I felt Jamie's post was a bit ambiguous! I'd like to know how he really felt about it. :lol:


----------



## JamieHoldham (May 13, 2016)

Barbebleu said:


> I felt Jamie's post was a bit ambiguous! I'd like to know how he really felt about it. :lol:


I do like it! The story of the Opera presents itself clearly and beautifully, the music is out of this world as Wagner's music always is, the reason for the possible ambiguity in my answer is the fact that Tristan und Isolde is Wagners most experimental work, and what comes out of it is extreme chromaticism, therefore lots of tension in the music, and of course the amazing parts in the Love Duet and others where there is a really big buildup in the music which should lead straight to a major resolve in whatever the current home key is. It never happens, and that's what makes it so uneasy, restless and almost physically painful to listen to, for me - but this is what Wagner intended to express the desire for love, and the struggles that come along with it.

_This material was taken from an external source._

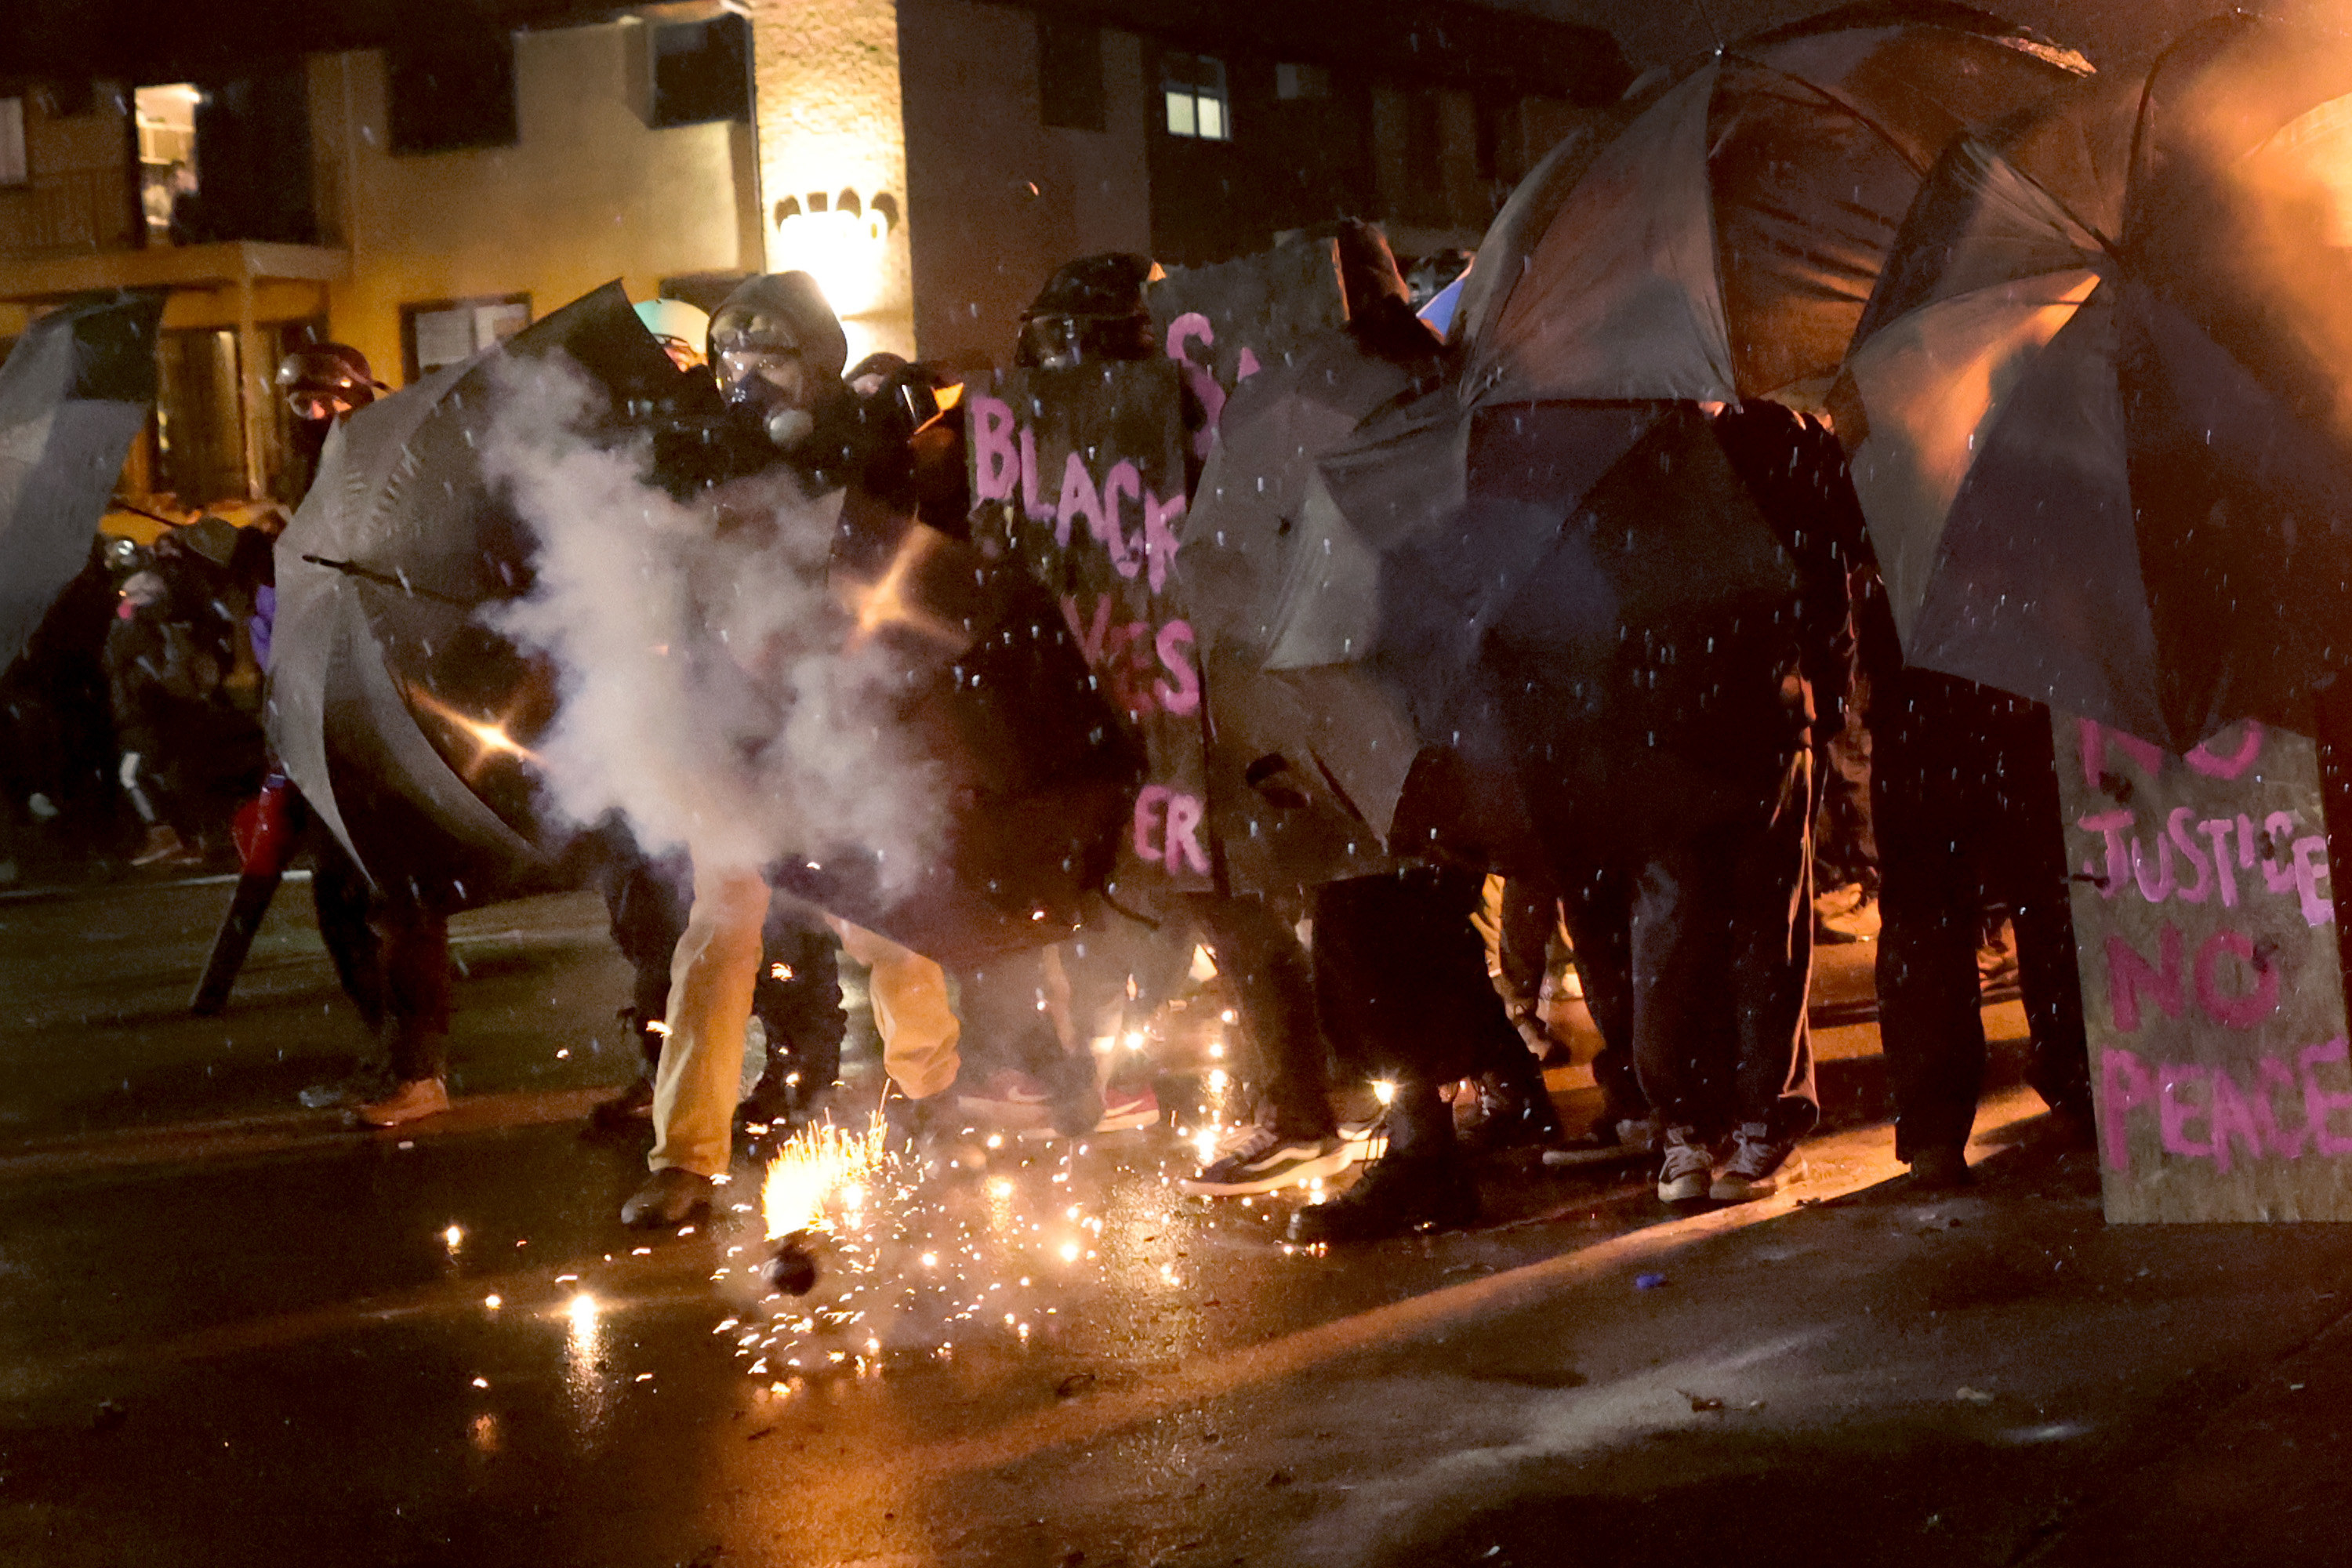 Protesters shield themselves with umbrellas as flash-bang grenades go off on the street at their feet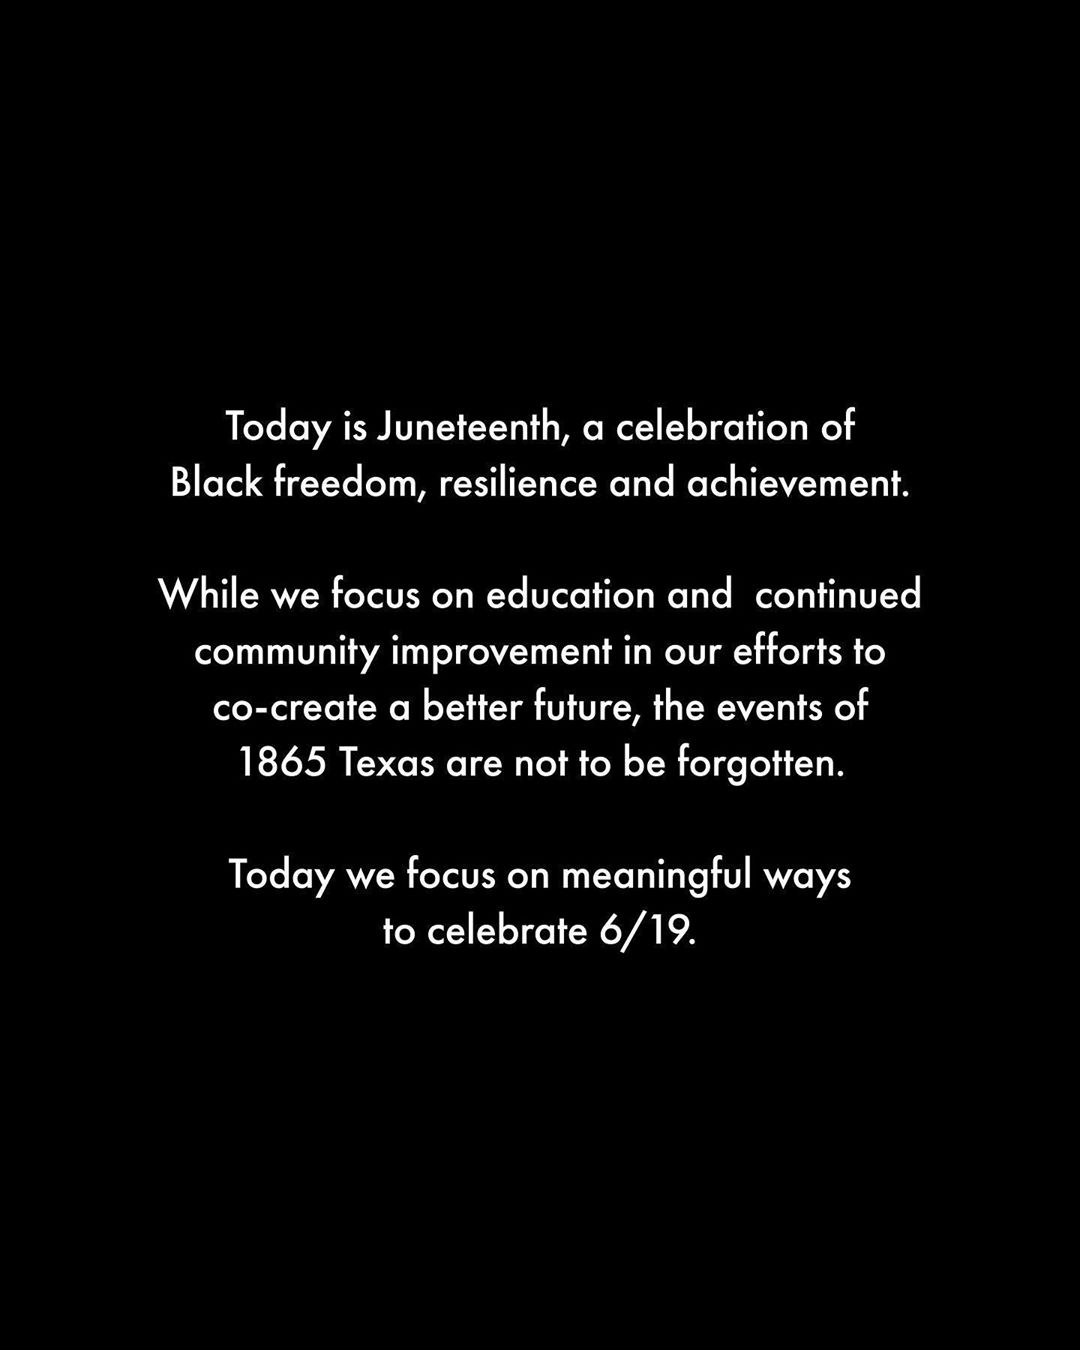 GUESS - Juneteenth is a holiday that commemorates the ending of slavery in the United States in 1865. In this celebration of freedom, we remember why we continue to fight for justice and equality. We...

So I liked it, it's just difficult to listen to for a reason, that only a genius of the highest order could do. Wagner.


----------



## Barbebleu (May 17, 2015)

JamieHoldham said:


> I do like it! The story of the Opera presents itself clearly and beautifully, the music is out of this world as Wagner's music always is, the reason for the possible ambiguity in my answer is the fact that Tristan und Isolde is Wagners most experimental work, and what comes out of it is extreme chromaticism, therefore lots of tension in the music, and of course the amazing parts in the Love Duet and others where there is a really big buildup in the music which should lead straight to a major resolve in whatever the current home key is. It never happens, and that's what makes it so uneasy, restless and almost physically painful to listen to, for me - but this is what Wagner intended to express the desire for love, and the struggles that come along with it.
> 
> So I liked it, it's just difficult to listen to for a reason, that only a genius of the highest order could do. Wagner.


I realised that Jamie. I was responding to Woodducks post and having a little gentle poke at your enthusiasm which is a great thing. Never lose your love for stuff that moves you.


----------



## JamieHoldham (May 13, 2016)

Barbebleu said:


> I realised that Jamie. I was responding to Woodducks post and having a little gentle poke at your enthusiasm which is a great thing. Never lose your love for stuff that moves you.


No offense 

Too much of anything is bad though, even enthusiasm.. you get consumed by what you love and get distracted from other things in your life


----------



## Barelytenor (Nov 19, 2011)

Sloe said:


> Some people think it is.
> 
> With Birgit Nilsson conducted by Pierre Boulez:


Coincidentally, the Brangaene in this production, Austrian contralto-mezzo soprano Hertha Töpper, is 93 years young today. Happy Birthday Hertha!

:tiphat:

Kind regards,

George


----------



## Barbebleu (May 17, 2015)

I've listened to the first act of a recommendation by DA, Bayreuth 1977 with Wenkoff and Ligendza. It is excellent so far. I'm very impressed with Wenkoff as Tristan. He sounds to me like Domingo with a better command of German. Ligendza is ok, if a little thin voiced in places, but so far so good. Looking forward to acts 2 and 3.


----------



## SiegendesLicht (Mar 4, 2012)

JamieHoldham said:


> No offense
> 
> Too much of anything is bad though, even enthusiasm.. you get consumed by what you love and get distracted from other things in your life


Life is too short to waste it on "other things" - living for what you love is the most sensible way to spend it. Just sayin'. And great to see you enjoying Wagner so much :tiphat:


----------



## Barbebleu (May 17, 2015)

OperaDepot - 60% off everything for a week. Lohengrin is my target for today!


----------